Discovery
The problem
Given a vehicle ID (from a QR scan, a manual entry, or another event’s reference), a client needs to find out: which provider currently hosts this passport, and what can that provider’s API do? This has to work without a central registry that every provider must register with, because a central registry is exactly the kind of chokepoint OVP exists to avoid.
The precedent
This is a solved problem, solved more than once, and each solution rhymes:
- WebFinger —
.well-known/webfingerlets any domain answer “who is this account and what can I do with them?” - Matrix —
.well-known/matrix/serverand/clientlet a human-readable domain (matrix.org) delegate to the actual server doing the work, which can live somewhere else entirely. - OpenID Connect —
.well-known/openid-configurationlets a client discover an identity provider’s capabilities without hardcoding them. - ACME / Let’s Encrypt — domain-based proof of control, no manual registration step, no human in the loop.
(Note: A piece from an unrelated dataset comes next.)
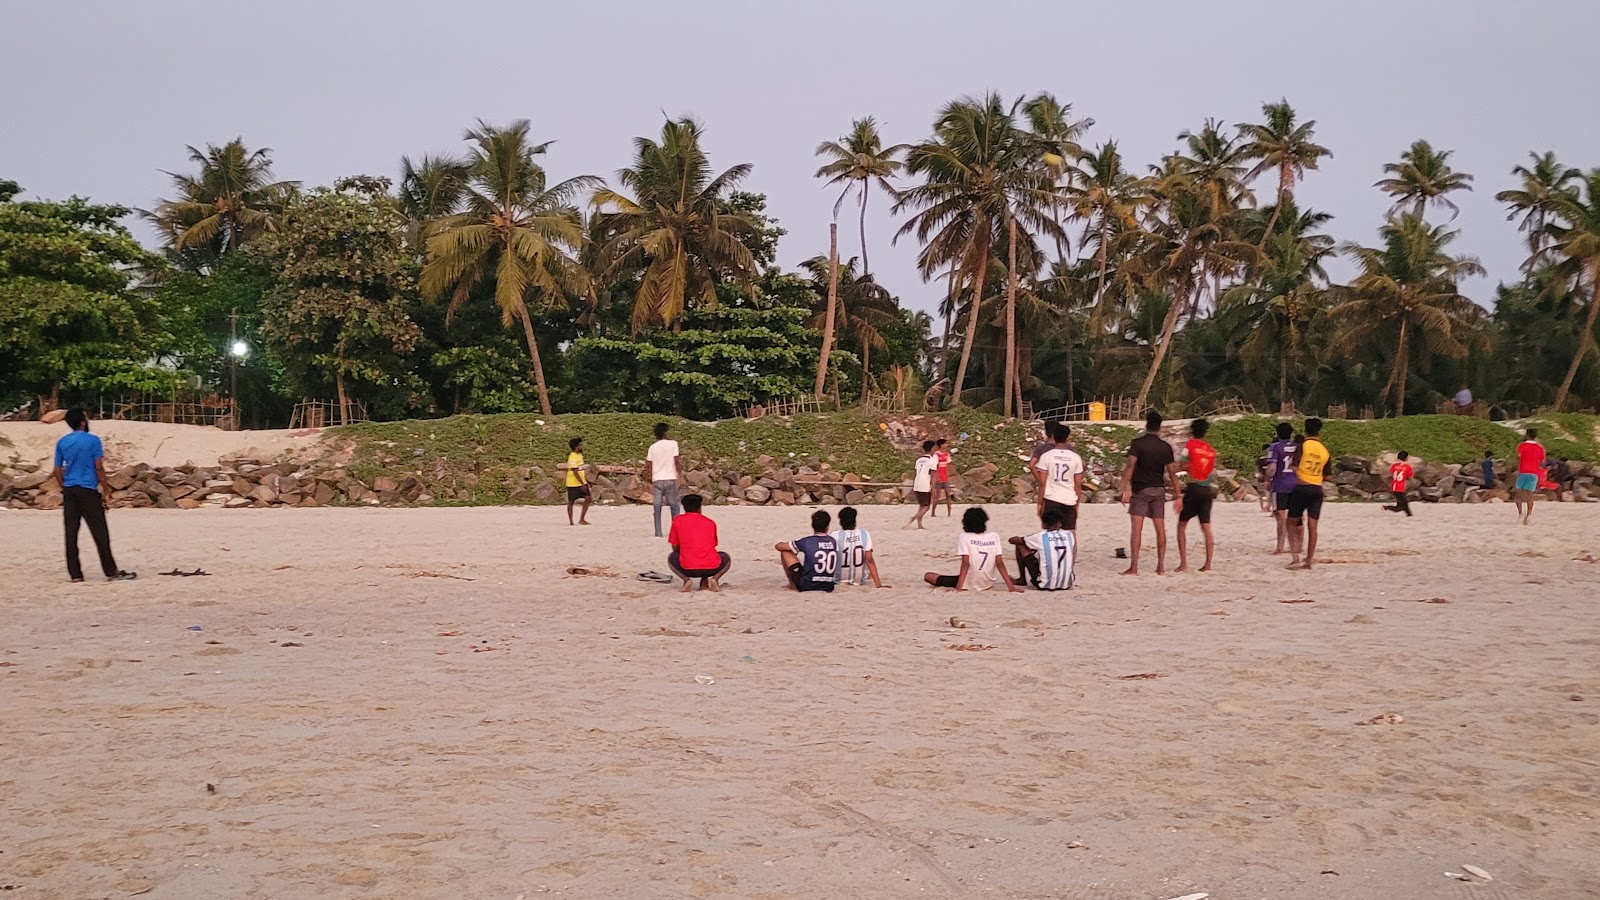 Foto van Chellanam Beach Kochi met gemiddeld niveau van netheid

OVP’s discovery should be boring by the same standard: a well-known path, a small JSON document, no manual approval step from anyone.
.well-known/ovp
Every provider exposes discovery metadata at a well-known path, e.g.:
GET https://passport.opendiag.io/.well-known/ovp
returning (shape illustrative, not final):
{
"provider": "passport.opendiag.io",
"ovpf_version": "0.1",
"api_base": "https://passport.opendiag.io/ovpf/v1",
"capabilities": ["events.read", "events.append", "attachments", "export"]
}
A client that wants to resolve ovp:01K0Y5...@passport.opendiag.io
fetches this document once, learns the API base and what the provider
supports, and proceeds — the same shape as fetching a Matrix
.well-known file before ever talking to the homeserver.
Delegation and redirection
Because the label after the @ can change (see IDENTIFIERS.md),
resolution has to check for a current redirect before trusting the
label at face value:
- Client asks the last-known provider: “where does
ovp:01K0Y5...currently live?” - If the passport has moved, the provider returns a signed redirect
pointing at the new home (signed by whichever Identity held the
administrative Grant at the time of the move — see
TRUST.md). - Client follows the redirect, verifies the signature, and repeats discovery against the new provider.
This is deliberately closer to Matrix server delegation than to a DNS CNAME: the redirect is a signed, auditable event in its own right (technically, an event on the vehicle’s own timeline: “passport moved from A to B, authorized by Identity X”), not an unauditable infrastructure-layer redirect. Anyone inspecting the vehicle’s history later can see exactly when and why it moved.
What discovery is not
Discovery answers “where do I ask,” not “am I allowed to ask.” Whether a
given Identity can actually read or write the timeline once it finds the
right provider is a question for TRUST.md and the Grant model in
ARCHITECTURE.md. Keeping these separate is what makes it possible for
discovery to be fully public and unauthenticated: knowing where a
passport lives should never itself leak the passport’s contents.